Please output the data exactly, minus pictures.

DATASET CONTENT:
··········
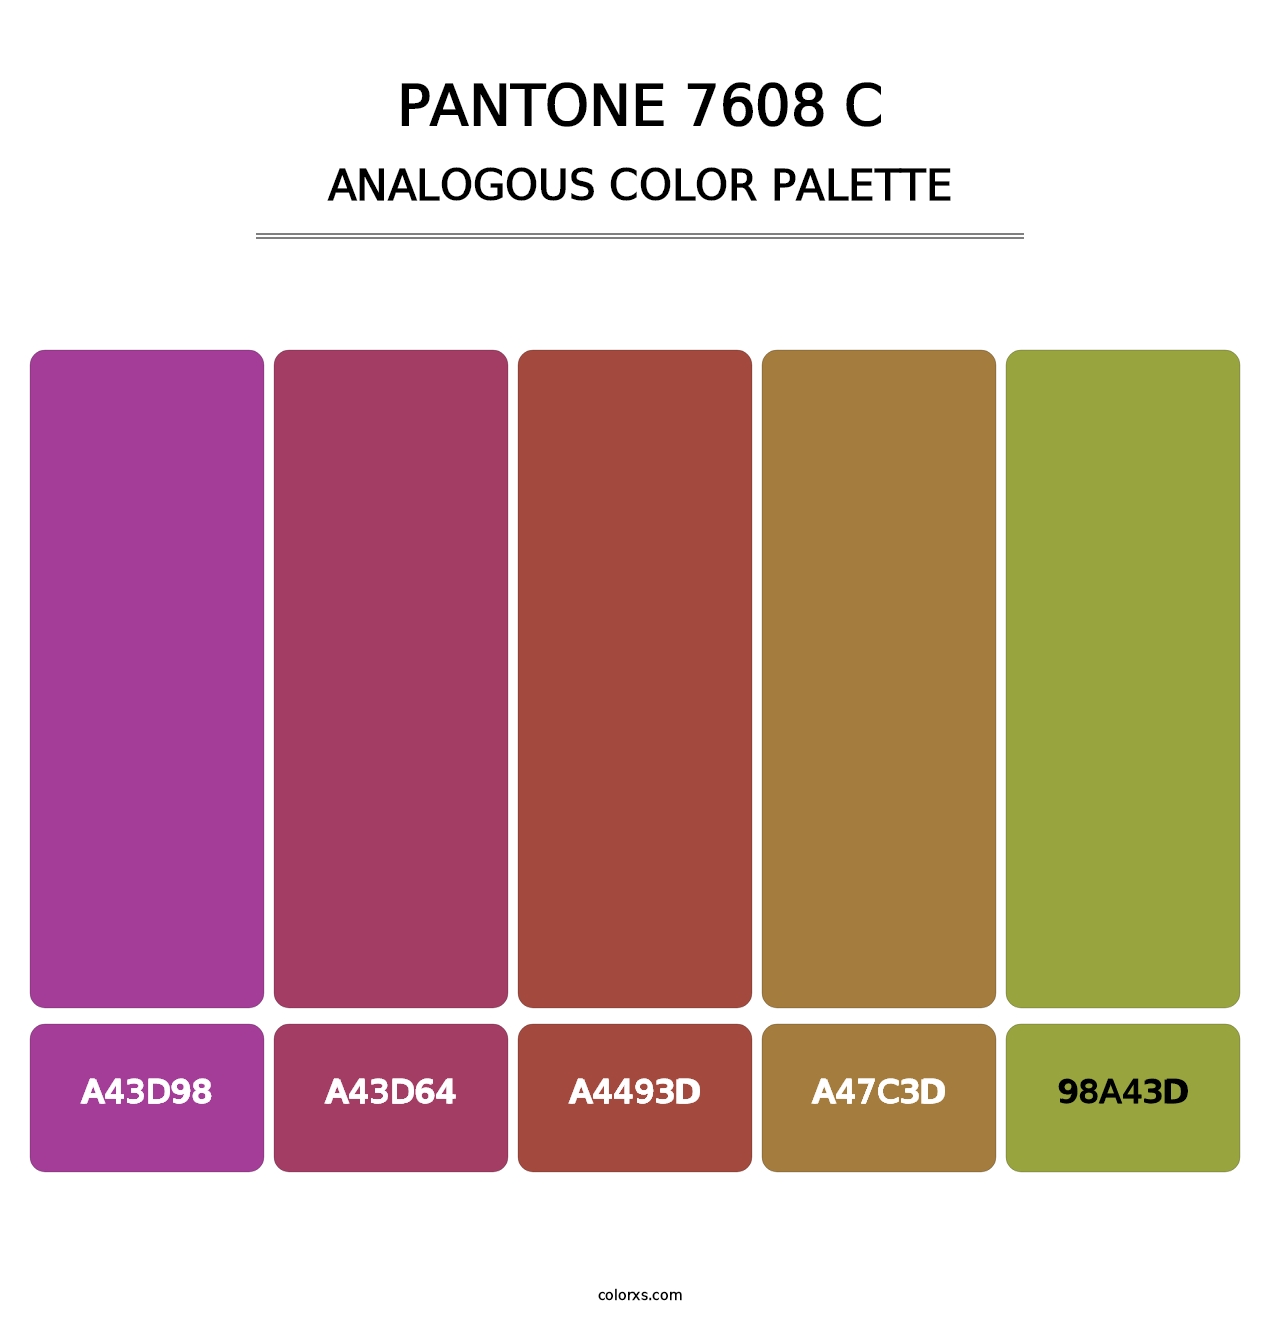 PANTONE 7608 C - Analogous Color Palette
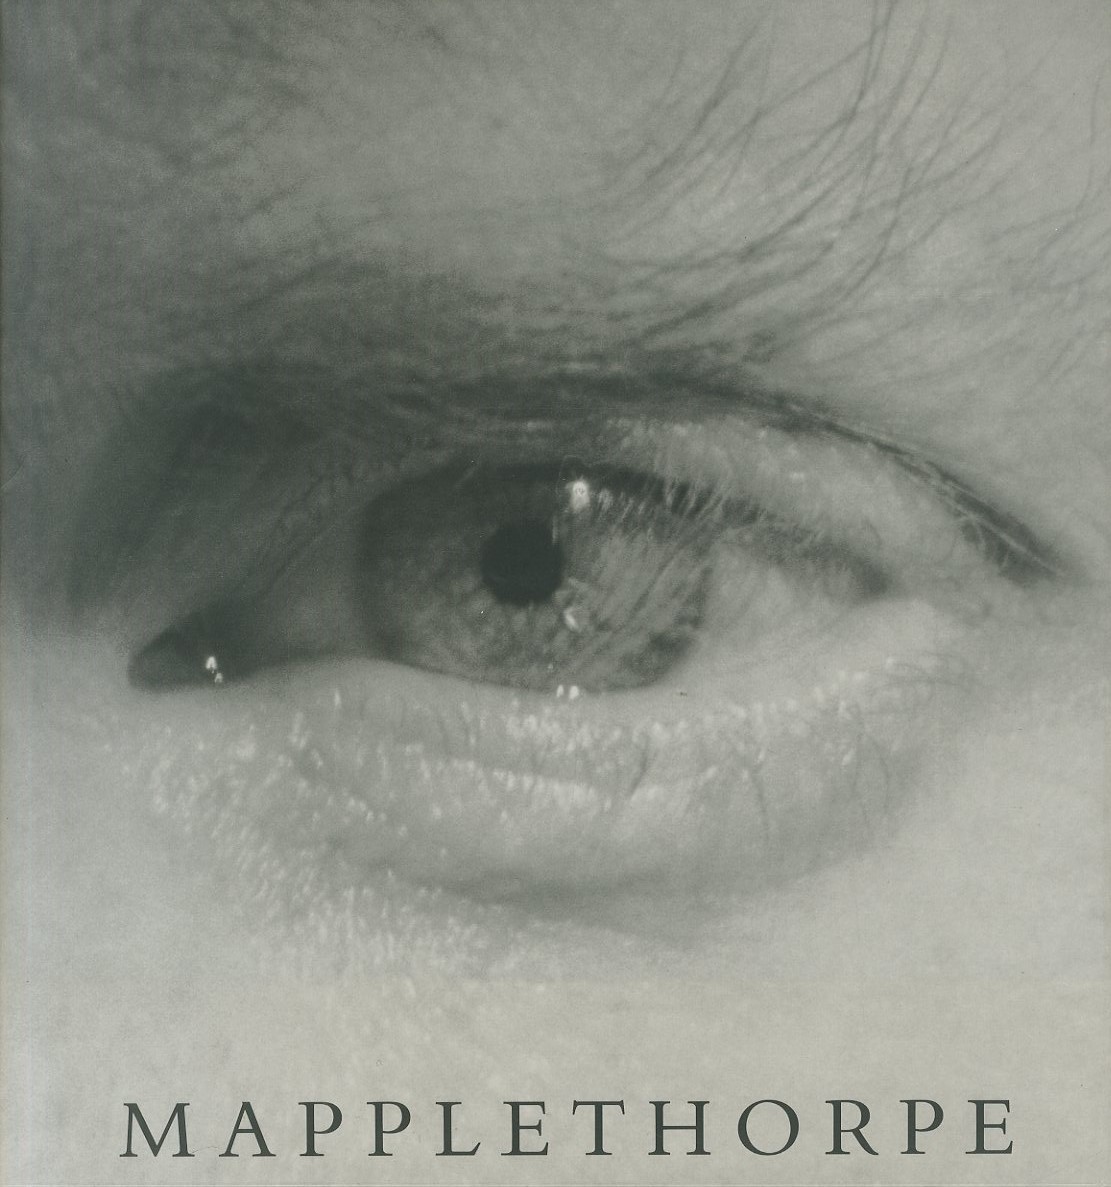 「Mapplethorpe / Robert Mapplethorpe」メイン画像
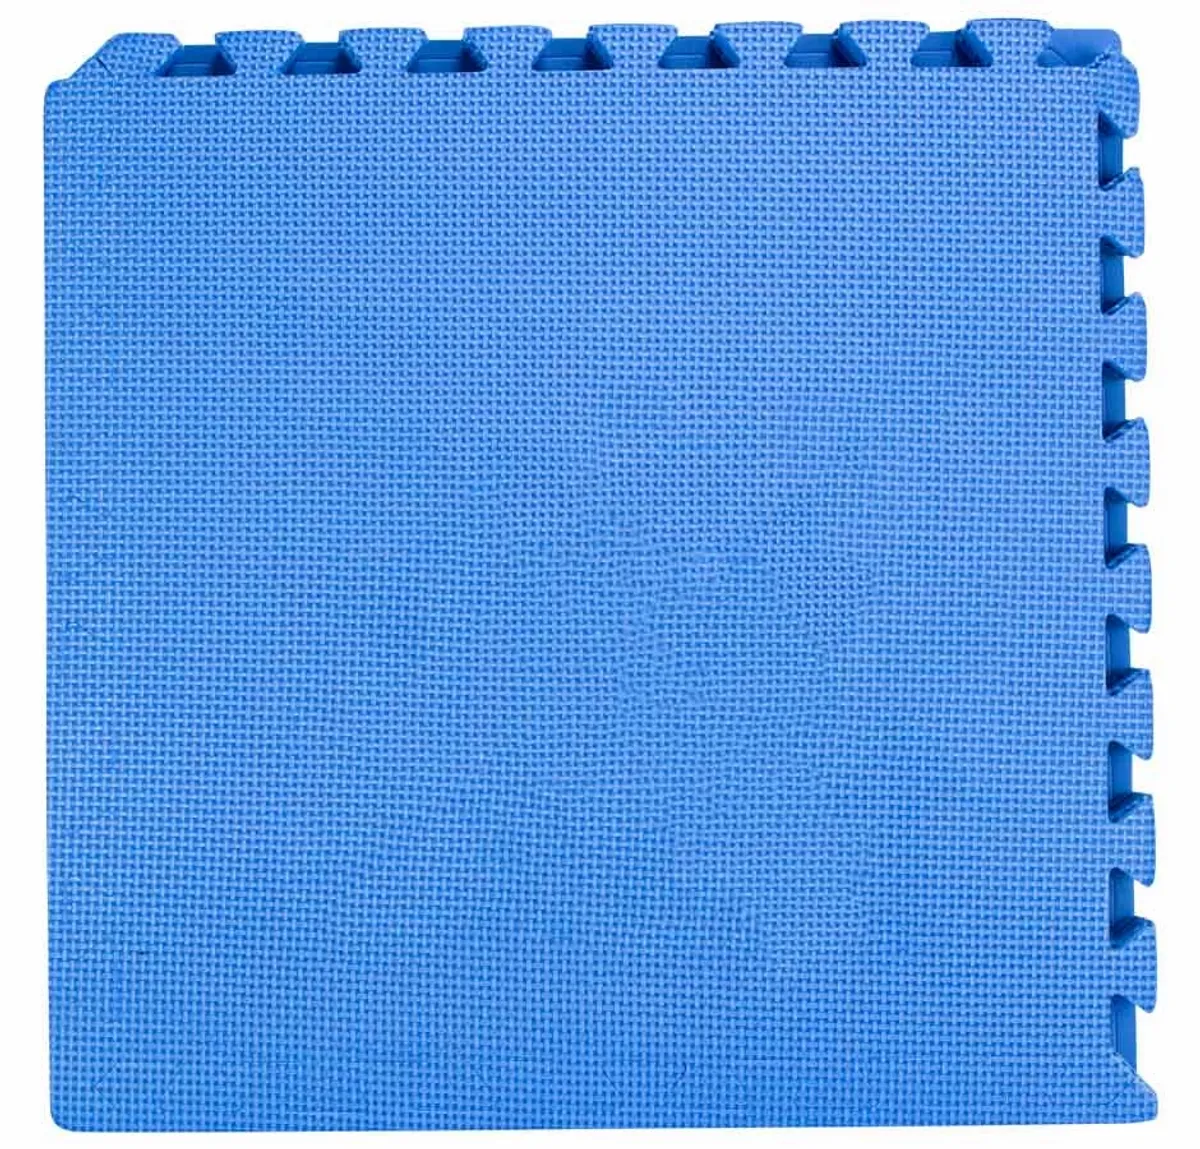 Thick pool sub-tiles blue - 8 pieces of 50 x 50 x 1 cm - W'eau
··········
ANSWER TO THIS TASK:
 PANTONE 7608 C - Analogous Color Palette
 「Mapplethorpe / Robert Mapplethorpe」メイン画像
 Thick pool sub-tiles blue - 8 pieces of 50 x 50 x 1 cm - W'eau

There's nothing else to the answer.